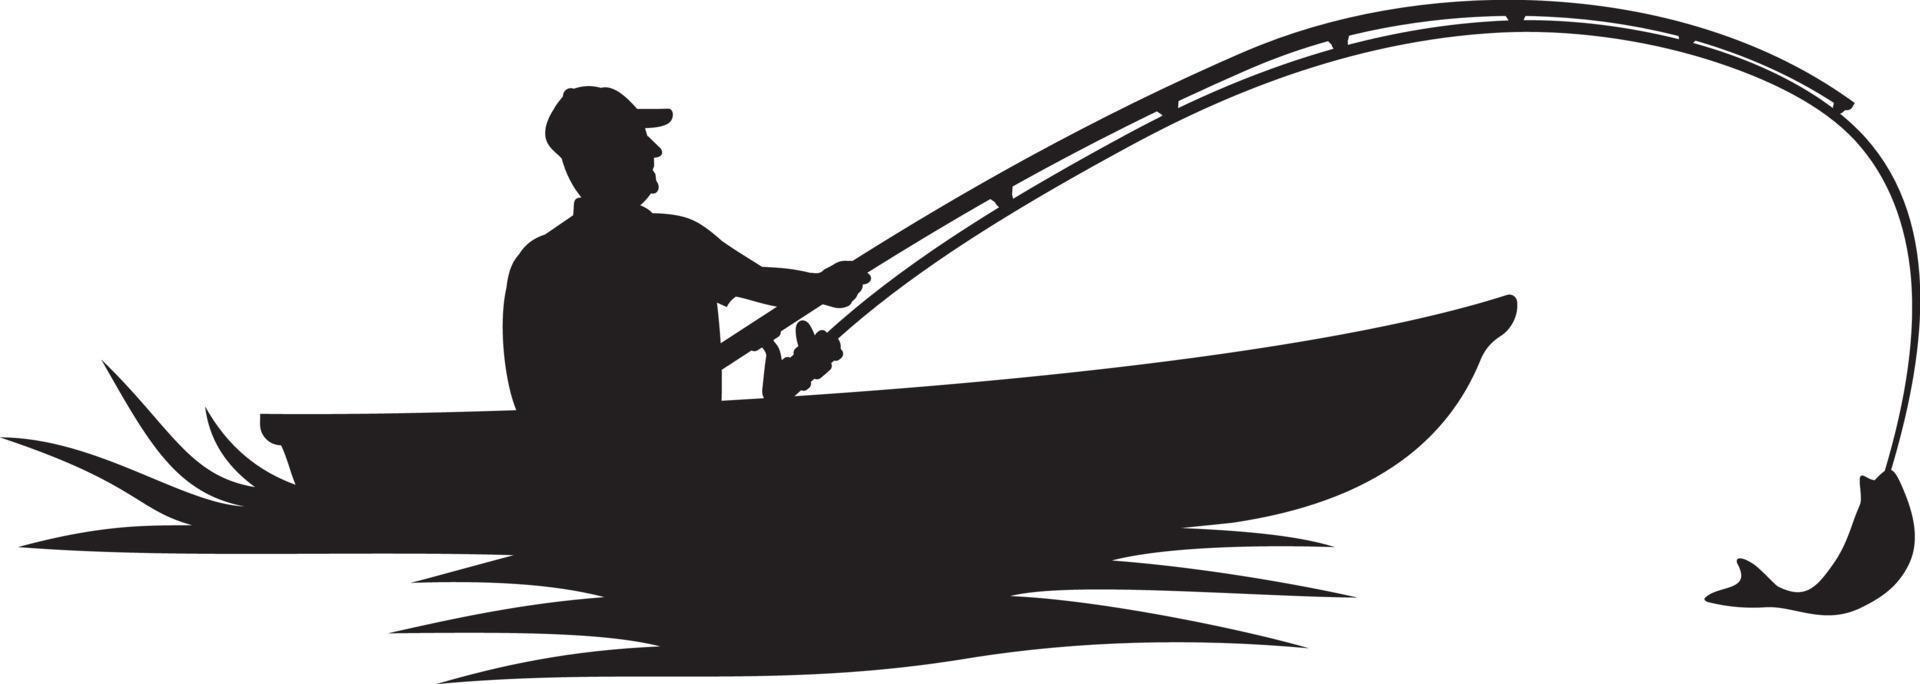 Fisherman in boat silhouette vector
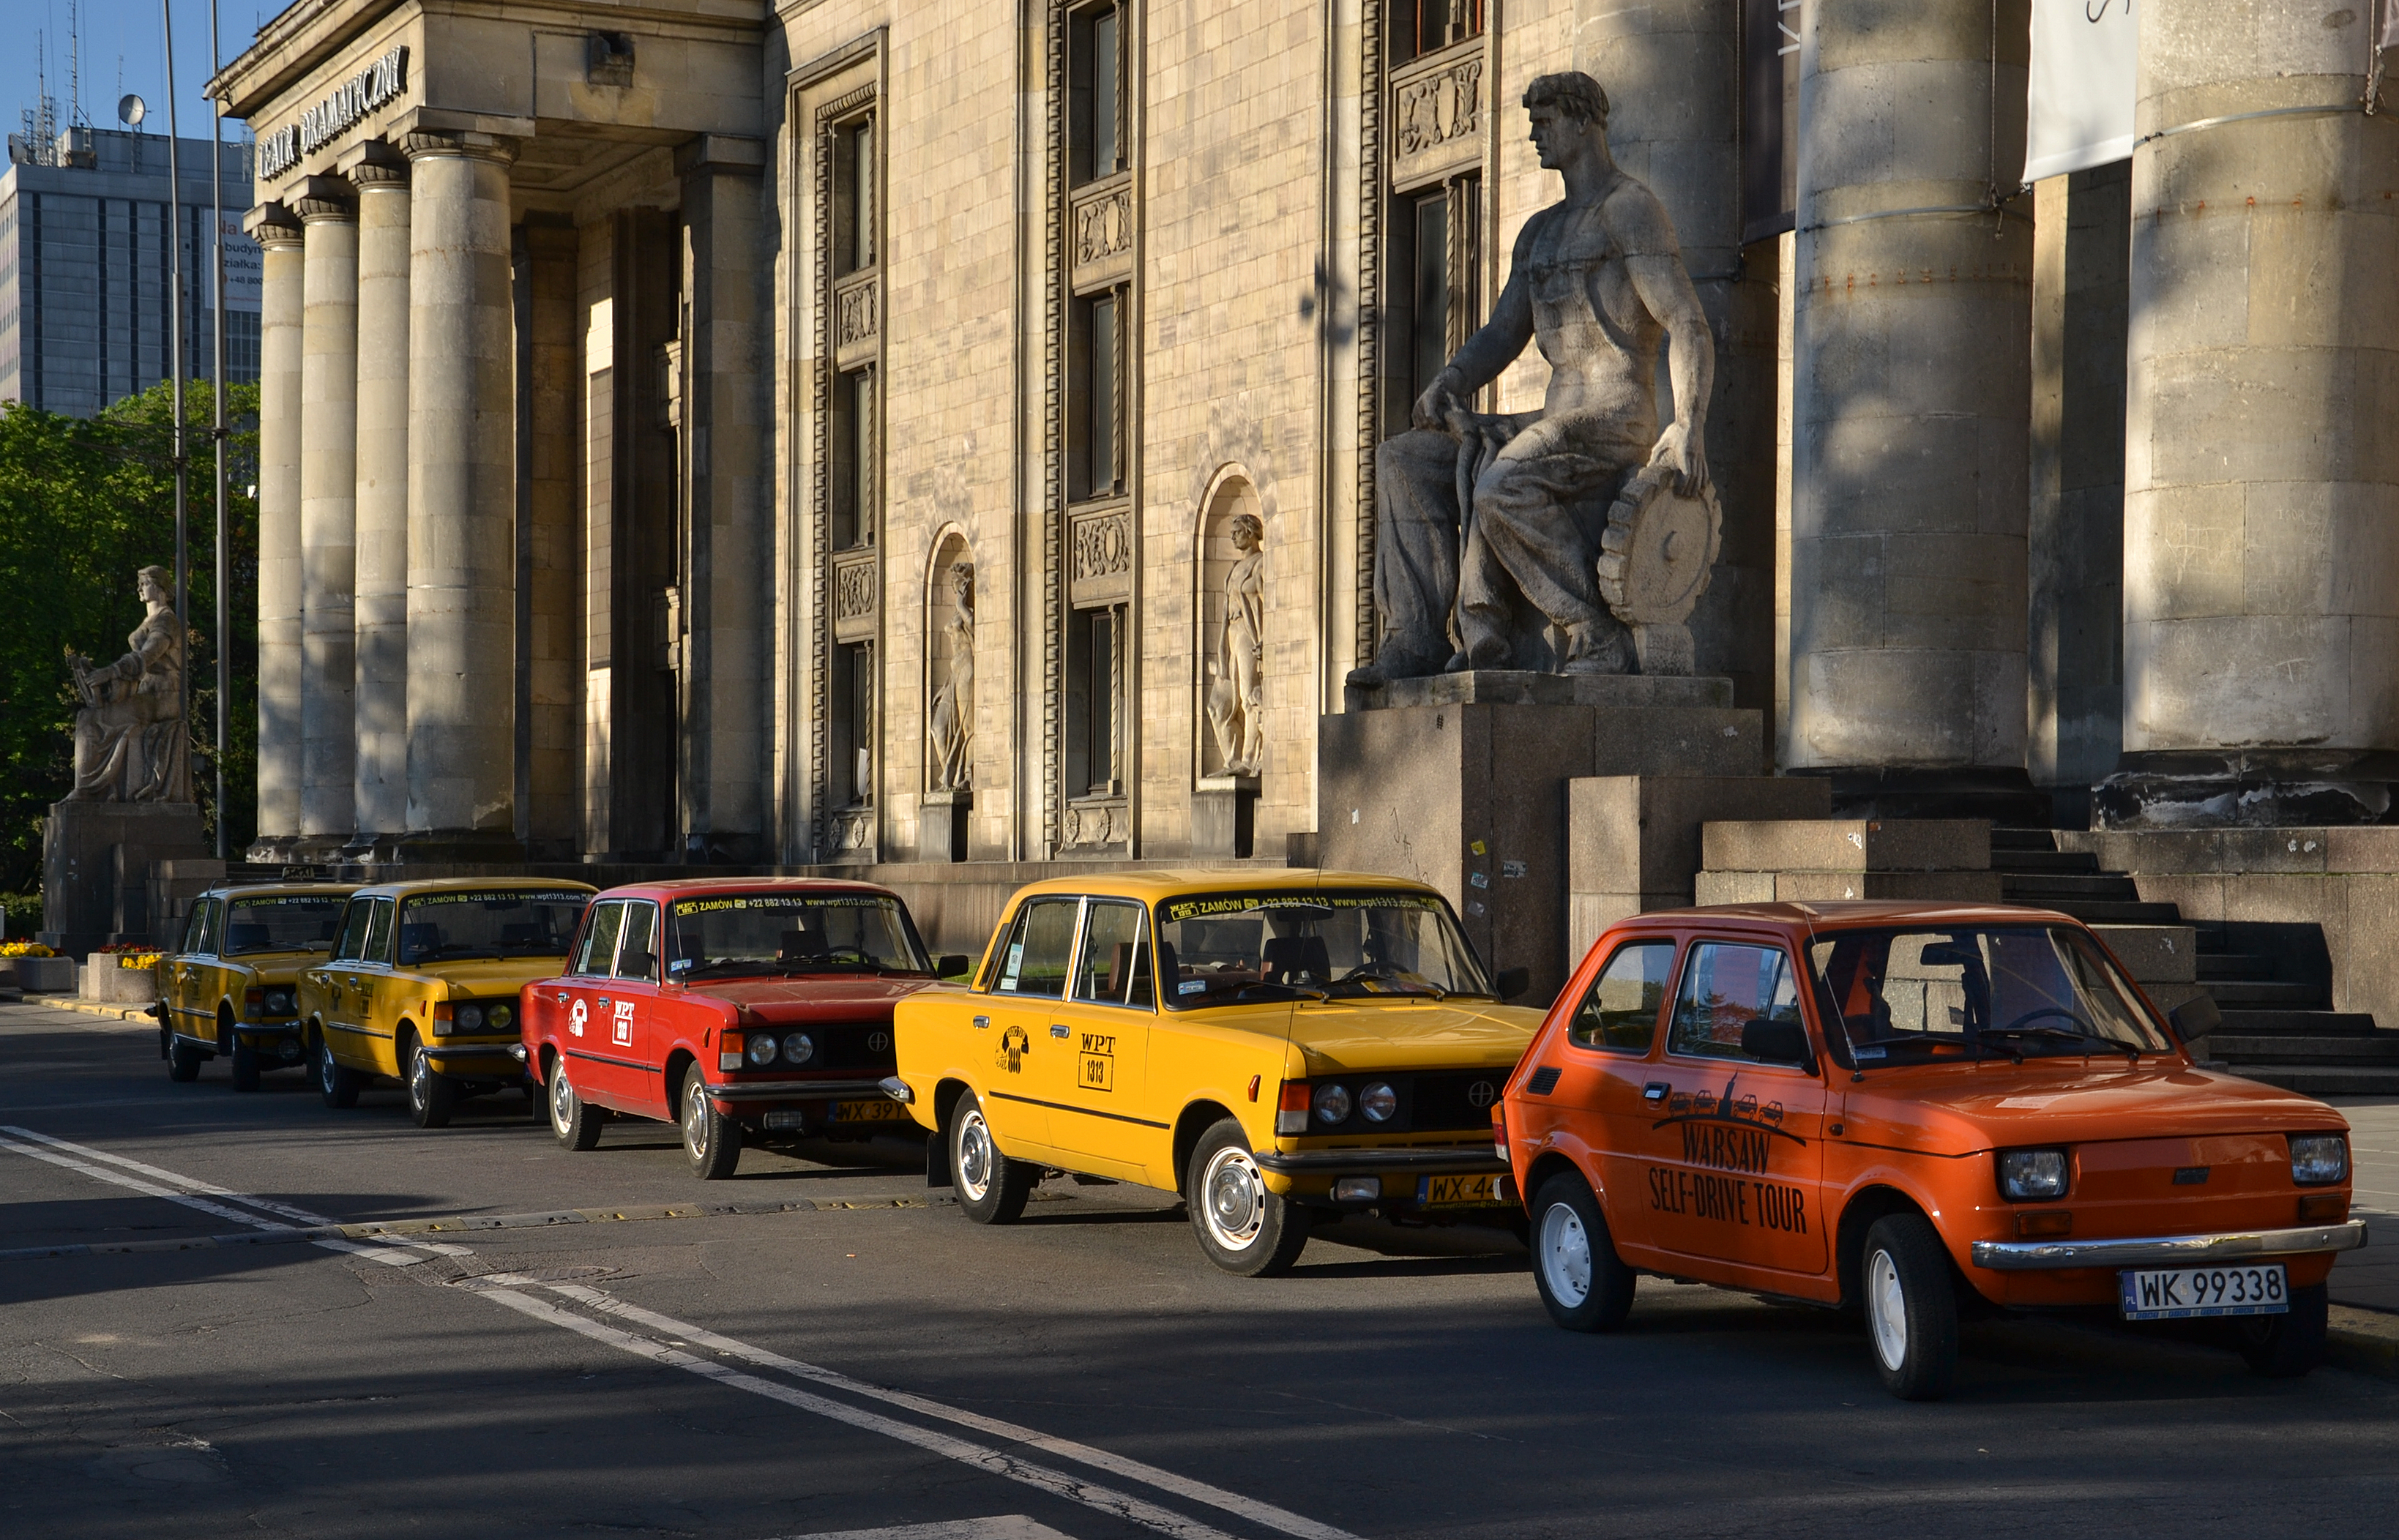 Warszawa (Warsaw) - old polish cars (Fiat126p and Fiat125p)
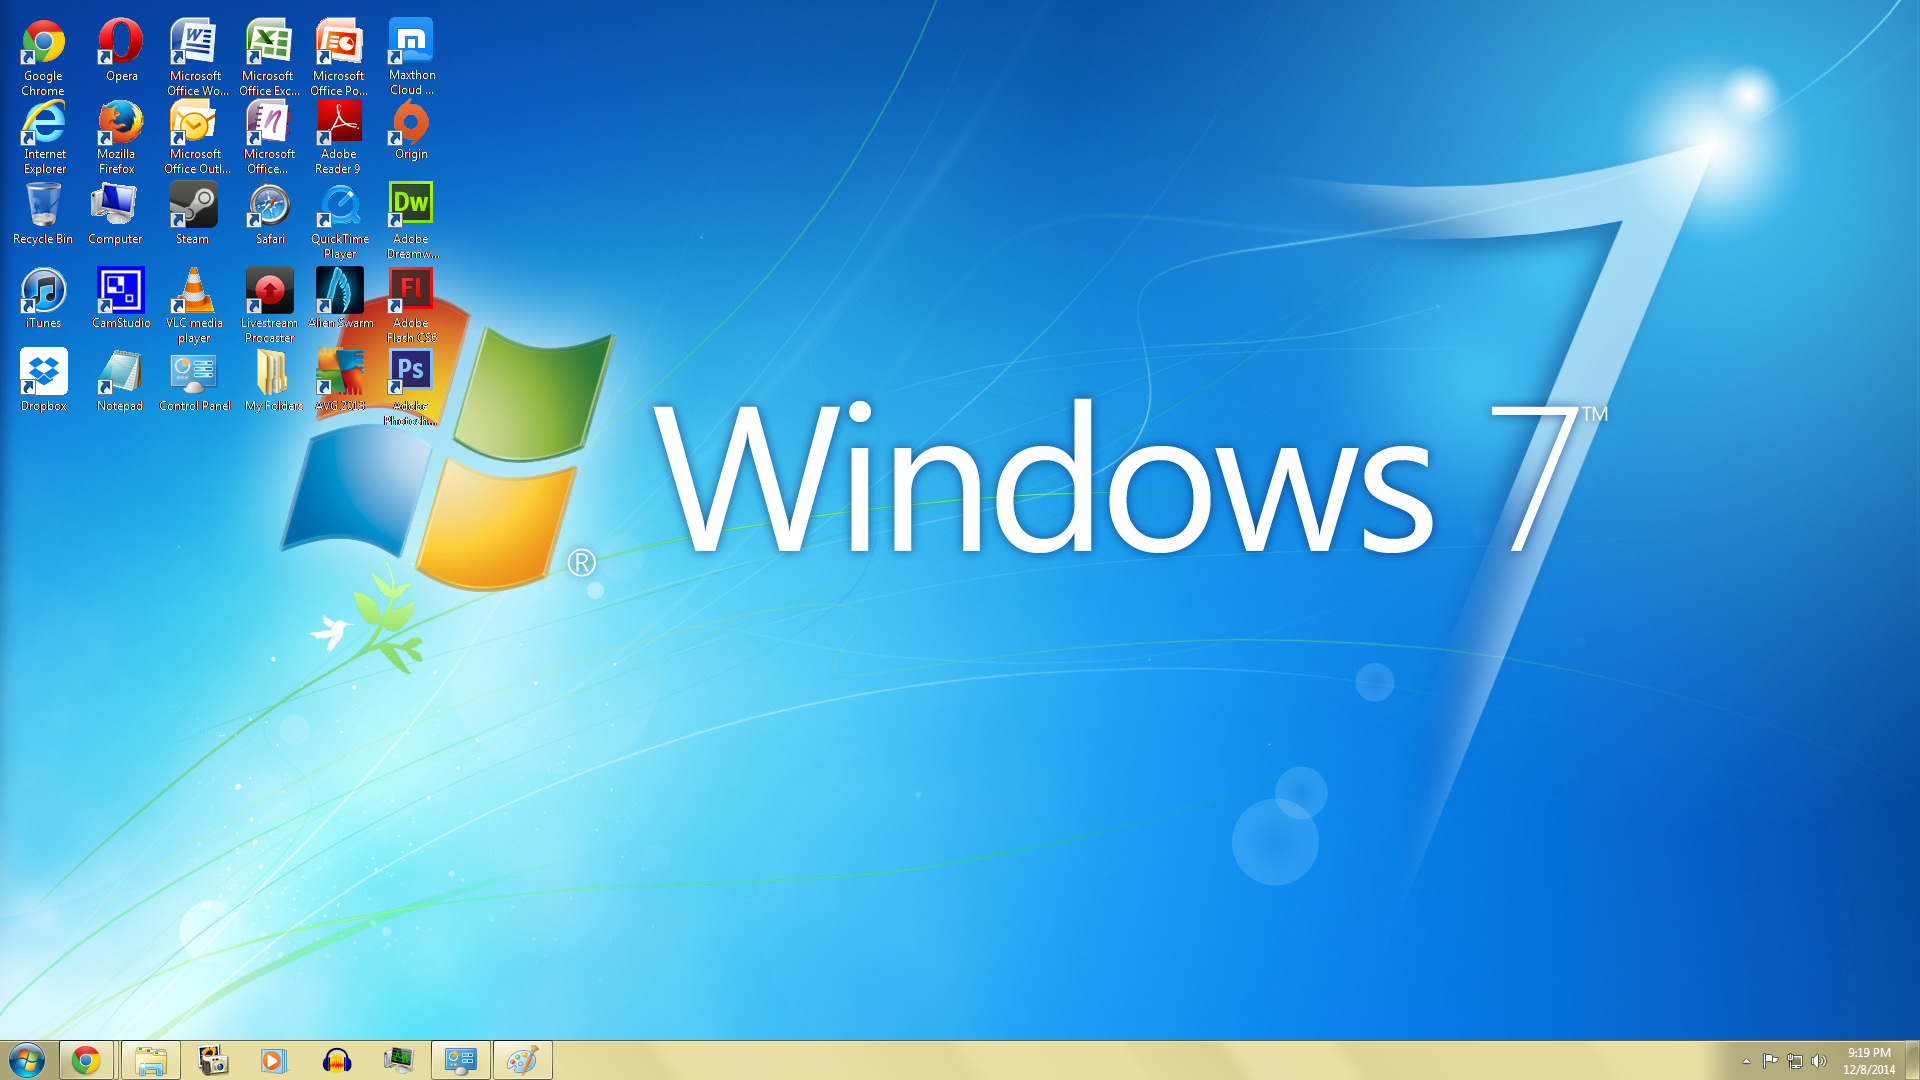 Модель windows 7. Виндовс 7. Windows 7 рабочий стол. Windows 7 Скриншоты. Windows 7 Интерфейс.

> **Work to be completed**: When you repeat the data, keep every line exact and drop the images.

> **Reply to the task**:
 Fisherman in boat silhouette vector
 Warszawa (Warsaw) - old polish cars (Fiat126p and Fiat125p)
 Модель windows 7. Виндовс 7. Windows 7 рабочий стол. Windows 7 Скриншоты. Windows 7 Интерфейс.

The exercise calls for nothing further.